一夜を共にしたかつての片思い相手は、優秀外科医だった。〜憧れの君と私の夢〜
 お手伝いさんにそうお礼を言った後、彼女が夕食を私の元まで届けようかと願い出たのでお言葉に甘える事にしたのだった。

「では、こちらになります」
「ありがとうございます。美味しそうですね」

 夕食は混布締めサバを焼いたものに白いご飯と卵と玉ねぎの入ったお味噌汁だ。どれも出来たてで湯気が立ち込めており見ただけで美味しそうだと分かる代物に見える。

「骨抜きのサバ買ったので大丈夫かとは思いますけど、骨には気を付けてくださいね」
「骨抜きのサバってあるんですか?」
「ベリが丘のスーパーには骨抜き処理された魚沢山ありますよ。

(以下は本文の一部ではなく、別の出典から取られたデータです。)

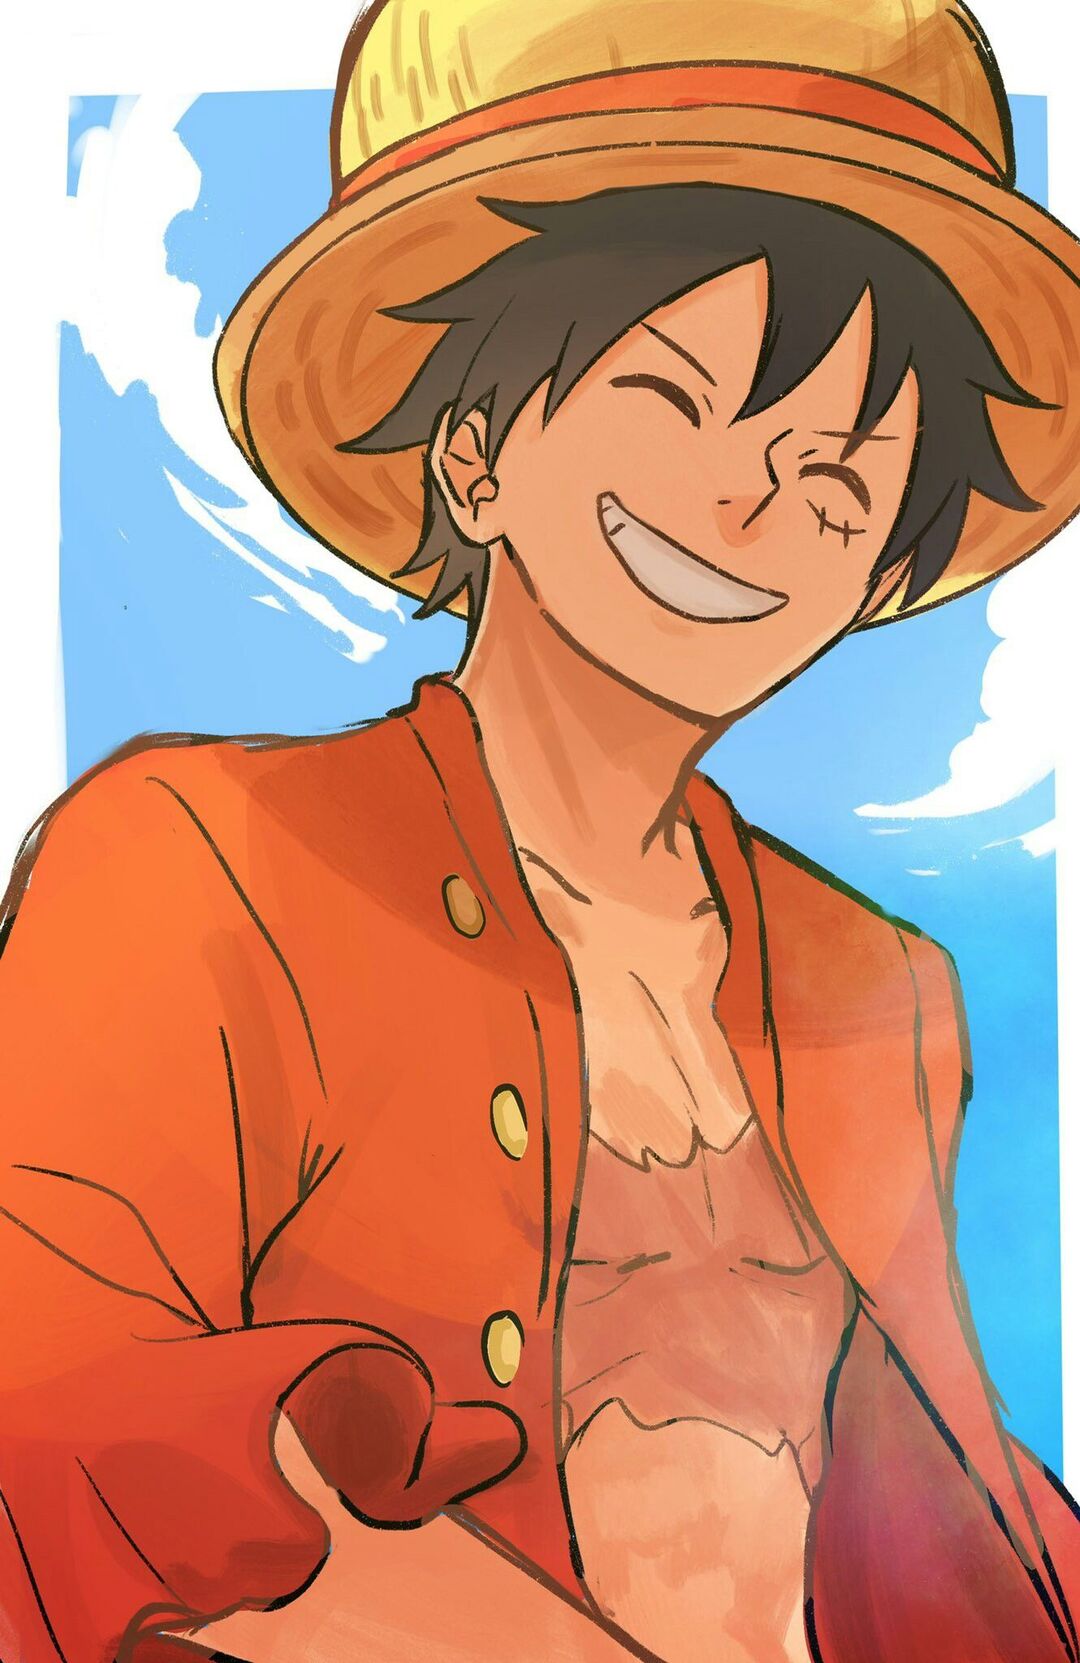 Bạn là fan của bộ truyện tranh One Piece và yêu thích nhân vật Luffy Mũ Rơm? Hãy cùng xem ngay hình ảnh đầy nghệ thuật của Luffy Mũ Rơm để ngắm nhìn những tạo hình và màu sắc tuyệt đẹp của anh chàng này nhé!

お値段は張りますがやっぱり骨が無い方が食べやすいでしょうし」
(やっぱ値段は張るのか。でも、骨が無い方が圧倒的に食べやすい)
「そうなんですね。今度寄った時に見てみます」
「では、ごゆっくりどうぞ。まことちゃんは私が見ておきますのでお気になさらず」
「お願いします」

 お手伝いさんにベッドでぐっすり寝ているまことの世話を託し、私はさっと夕食を頂くのだった。籍を入れてこの家で暮らすようになってからはよく買い出しに行っていた業務用スーパーに行く事は無くなった。かわりにお手伝いさんがベリが丘のスーパーに買い出しに行ってくれている。